OPTIMIST, n. “A proponent of the doctrine that black is white.”—Ambrose Bierce (The Devil’s Dictionary)

Let the record show: a nation forced to grin cannot chew, nor speak clearly. Eventually, it gags on its own uplift.

— Dr. Faye C. Schüß, July 2025

Cloris Leachman Correctional Footnote

“Glenn Close—but not quite Cloris Leachman.”
The animus split at the hinge of comedic severity. She insisted the root beer was medicinal and that all laughter masks a scream long domesticated.

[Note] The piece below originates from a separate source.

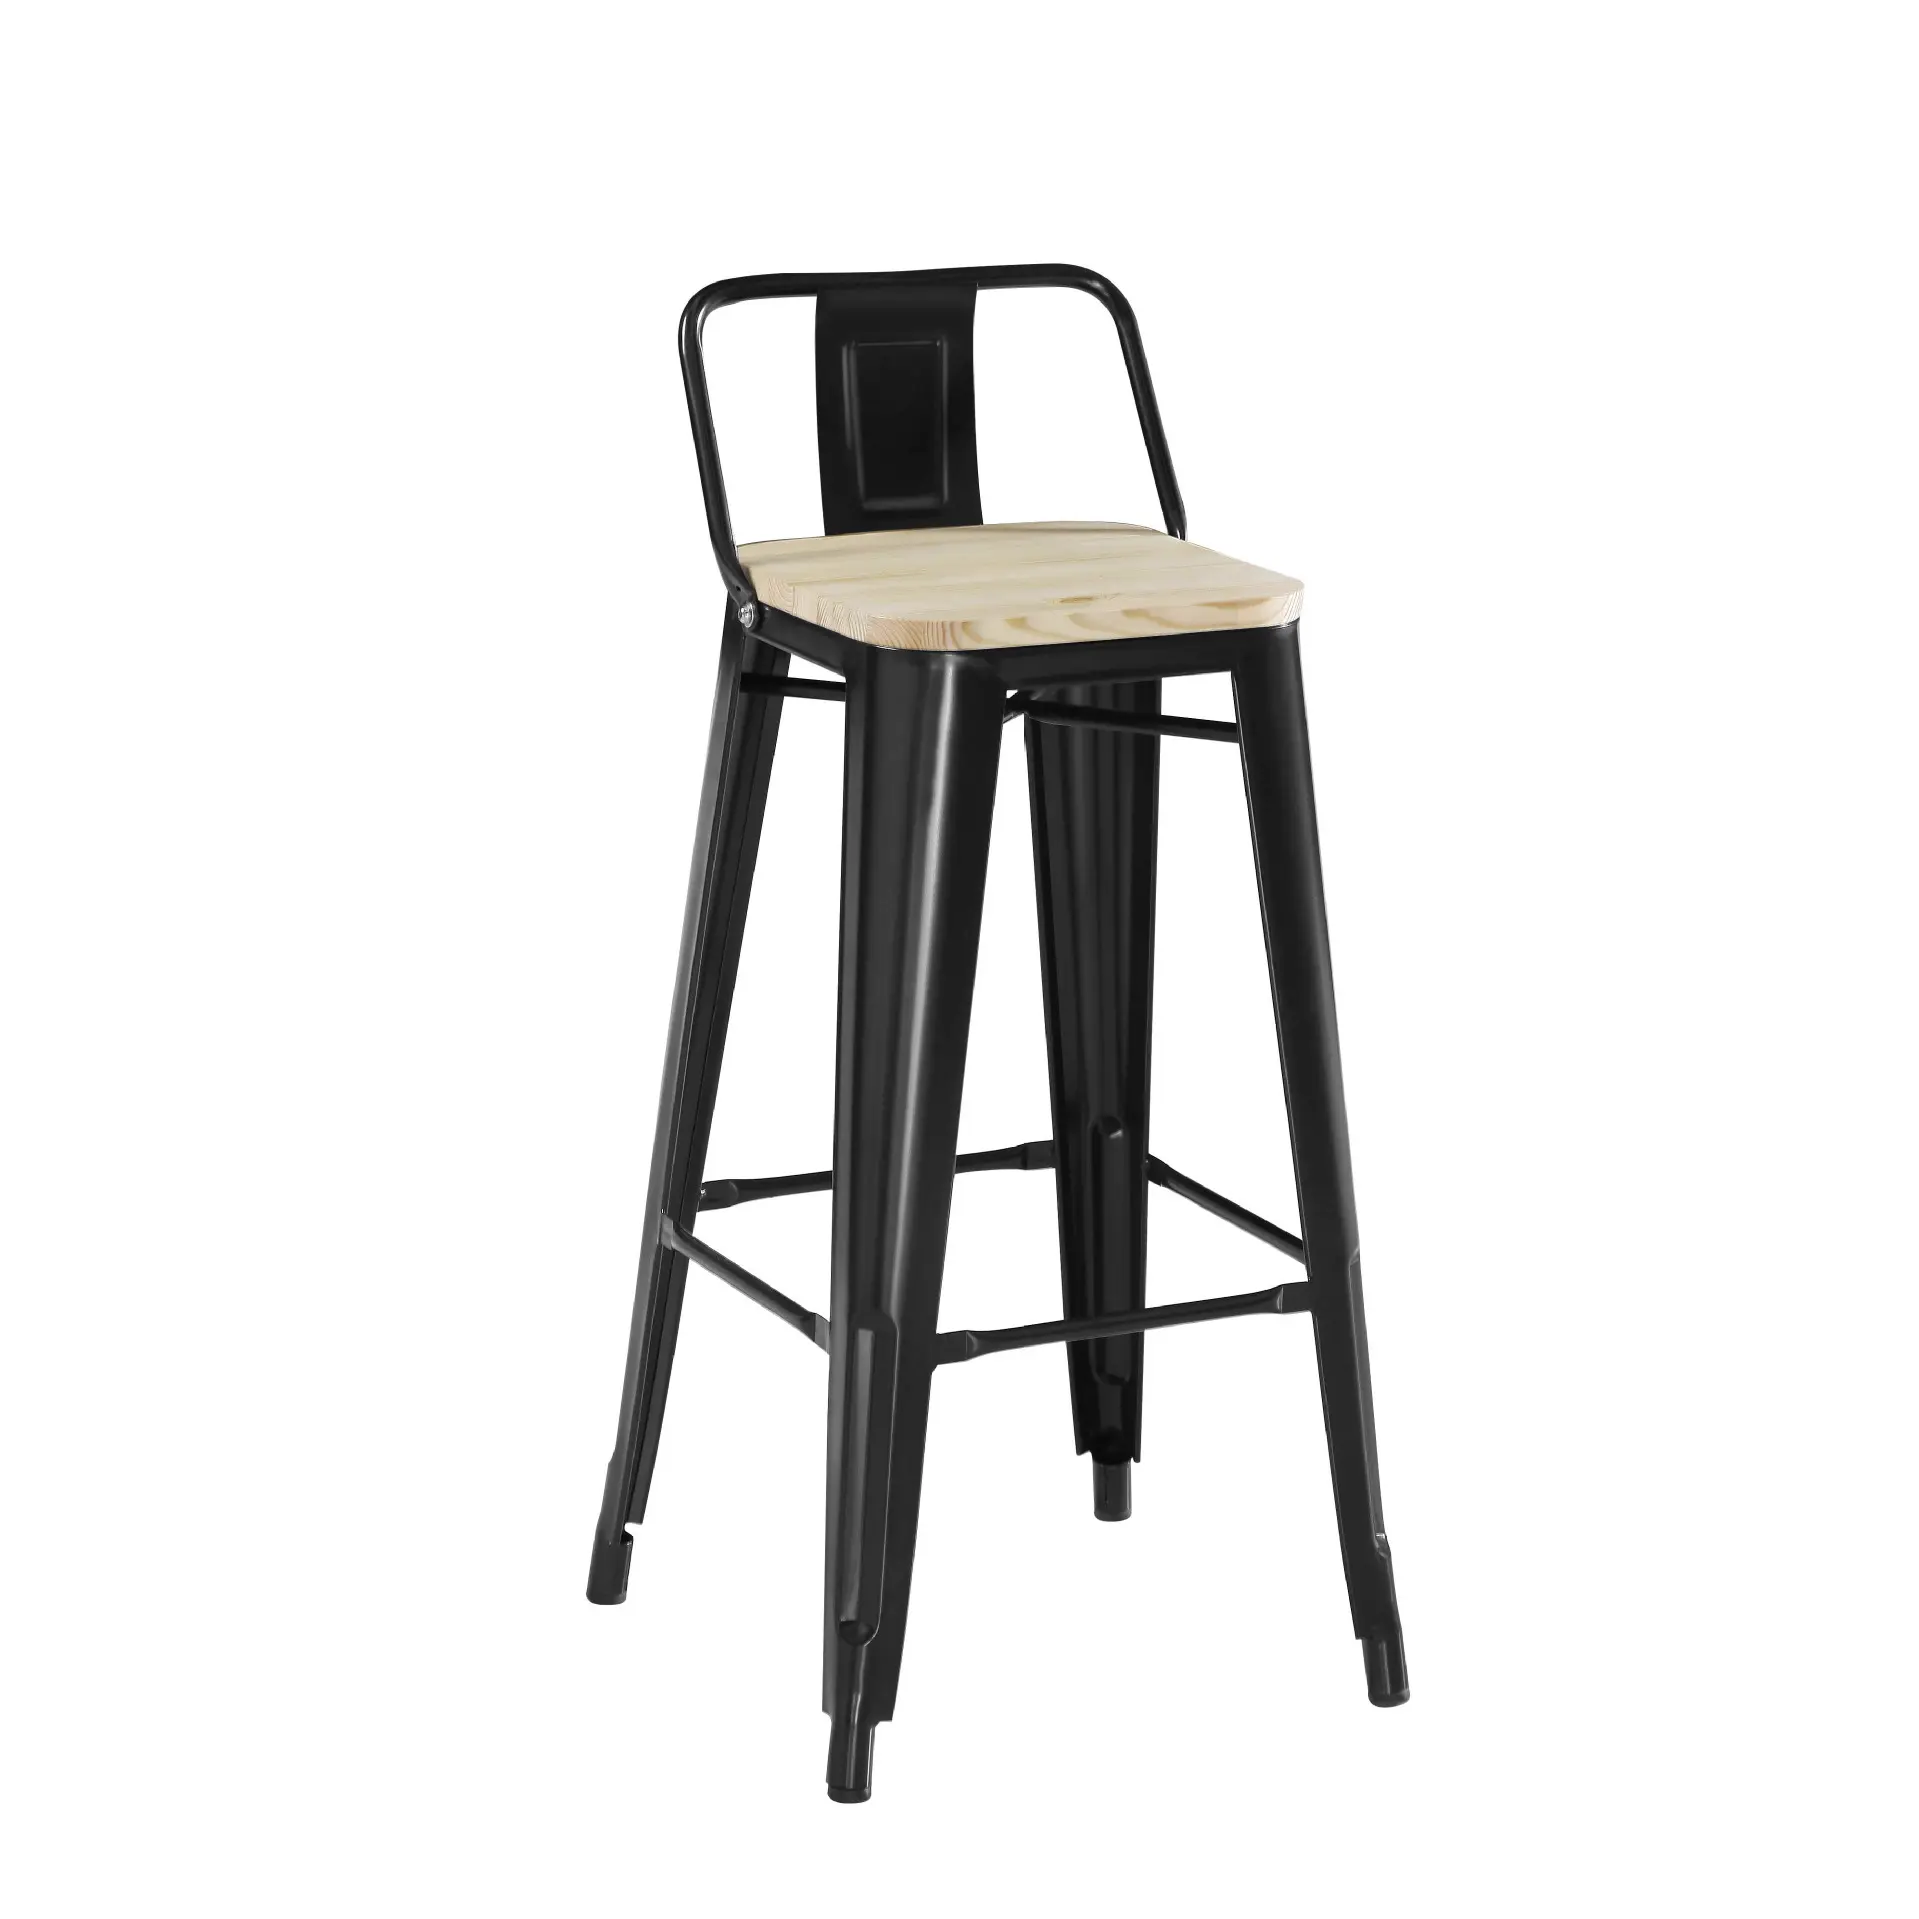 High Bar Stool High Chair PP Plastic Luxury Wholesale Modern Simple Kitchen Bar Stools, Customized Metal Iron Industrial 2 Years

While many mistakenly believe that Cloris Leachman was affiliated with Up With People, the Council would like to clarify: she was not. She was, however, everything they feared: messy, subversive, chaotic, brilliant, and human. For this reason, we hereby designate her as:

Spiritual Critic Emerita of the Totalitarian Optimism Experiment.

In Cloris We Trust.

Posted from Korn Krest, PA, where, every now and then, someone still reads Melville aloud under their breath—just to keep the ghosts of depth alive.

Authorial Note:

This dispatch is part of an ongoing collaboration between the poetic diagnostics of Black Cloud and the clinical intuition of Dr. Faye C. Schüß. Together they monitor outbreaks of affective authoritarianism and the weaponization of cheer.